“Discipline, after all, is motivation when you’re not motivated.” ~ Kenji Crosland
I came across this quote after hitting a milestone in my writing a few weeks ago. Most science fiction novels are between 100-150,000 words. I recently knocked over the 50,000 word mark. Since it’s taken me five years and as many rewrites to get here, I was pretty proud of myself. I’ve been slowly coasting down from that peak ever since, and after mentally rewarding myself for my (not insignificant) achievement, I feel I’ve been a little too lenient in the relaxation portion of my reward. It’s time to get back to work, and I’m finding it as difficult as ever to produce those ever-so-elusive words.
So I’ve been doing a little reading on the side to help me find some motivation to write. Kenji Crosland runs a blog (http://jimijones.com/blogging/finding-motivation-to-write/) and has some pretty good advice for budding writers. My problem, specifically (don’t we all have one?) is that the world in my novel is so complicated that writing about it is often times an absolute chore. I have 51,000 words on my novel, and nearly as many just in notes I’ve taken. Keeping all those notes and ideas and plans organised in my mind is nothing short of a headache, and I find I’m often overwhelmed with the sheer amount of material that I have on hand. Yet there’s always the nagging voice that, even with all my foresight and careful planning, I’m still going to miss something crucial—that I’ll inadvertently create a plot hole, or that I’ll overburden the reader with details—and so I’m continually wading between my notes and my novel, struggling to see any real progress.

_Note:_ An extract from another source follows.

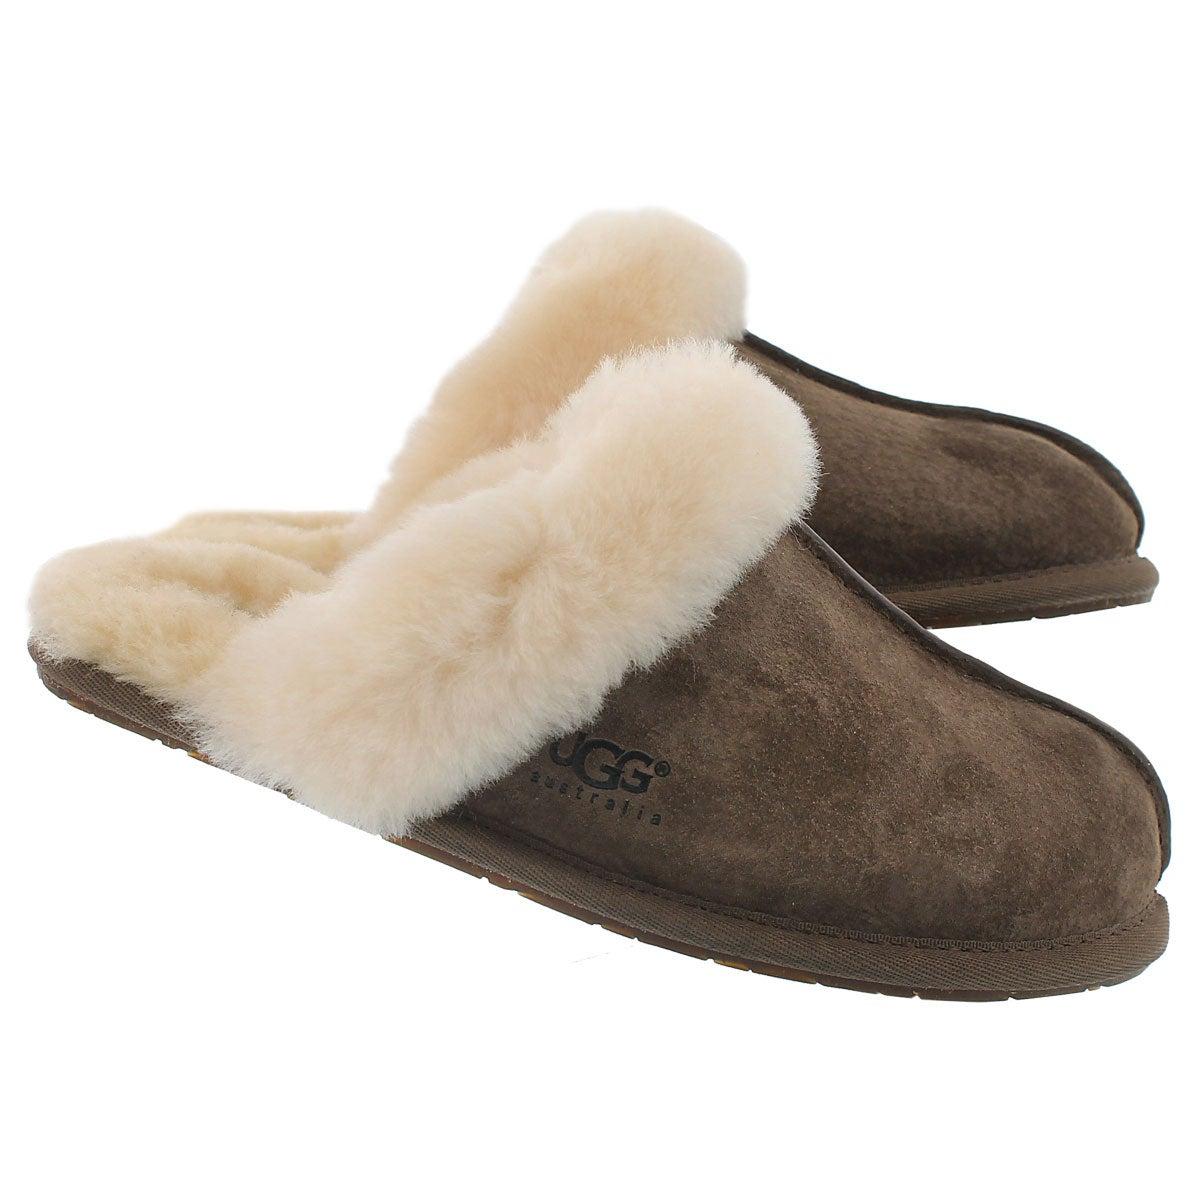 Lds Scuffette espresso sheepskin slipper

I have a lot of faith that, once I finish this novel, the groundwork will be mostly laid for future novels and I can breathe a bit. In a way, it’s the opposite of having writer’s block. There’s simply too much for me to compile and compress and deal with at one time. Which is why I’ve found if I wait, it generally strings itself out in my mind coherently and I’m able to manage sorting it out on the page. But without practise and caution, this can easily result in days, weeks, and sometimes even months away from the computer. But for now, it’s dirty work in the trenches and when I glance at my computer as I’m walking through the room, and see that beckoning keyboard, it’s difficult to suppress a shudder at the thought of the gruelling work ahead.
Don’t get me wrong. Writing this book has a lot of very tangible rewards. I can’t remember the last time I was so proud of myself as when I hit that 50k mark. And ordering the chapters and seeing the page count grow is a real exercise in promoting self worth. It’s just that it’s hard, hard work. I’m sure many of you who are writers can relate. We all have our projects that we nurse along and have such high hopes for. Seeing these projects fall short of our (often times) unrealistic expectations can be seriously demoralising. So far, the only solution to this I’ve come across is this: just keep going.
Jennifer Egan, author of A Visit From the Goon Squad, had some excellent advice I read a while back, and I think of it every single time I sit down to write: “Be willing to write really badly. It won’t hurt you to do that. I think there is this fear of writing badly, something primal about it, like: “This bad stuff is coming out of me…” Forget it! Let it float away and the good stuff follows. For me, the bad beginning is just something to build on. It’s no big deal. You have to give yourself permission to do that because you can’t expect to write regularly and always write well. That’s when people get into the habit of waiting for the good moments, and that is where I think writer’s block comes from. Like: It’s not happening. Well, maybe good writing isn’t happening, but let some bad writing happen…”
…field of streams of consciousness.
And that’s it. After years of digesting Emmerson and Whitman and Twain and Poe and Hemingway and London and Herbert, I’m afraid of writing badly. I’m afraid I won’t live up to my expectations, that I’ll fall short of my heroes. It definitely holds me back, more than anything else I’m finding. But what can you do about it? Well, like Jennifer said: Give yourself permission to write badly. Odds are, it’ll be better than you think it is, especially after you get away from it for a while and check in to see what you’ve written later. Another one of my go-to writing quotes is by Frank Herbert, and he said, “Coming back and reading what I have produced, I am unable to detect the difference between what came easily and when I had to sit down and say, “Well, now it’s writing time and now I’ll write.” There’s no difference on paper between the two.”
I’m not sure I’m thatconfident, but I still think most of it is in my own head. Getting past that is 9/10s of the battle. And God help me, I’m going to win. There are more articles on the subject of writing and motivation on the internet than you could possibly imagine, so I know this isn’t a unique problem. That alone is encouraging. I know I’m a great writer. I can do this. And though it often feels impossibly hard, there’s nothing else I’d rather be doing.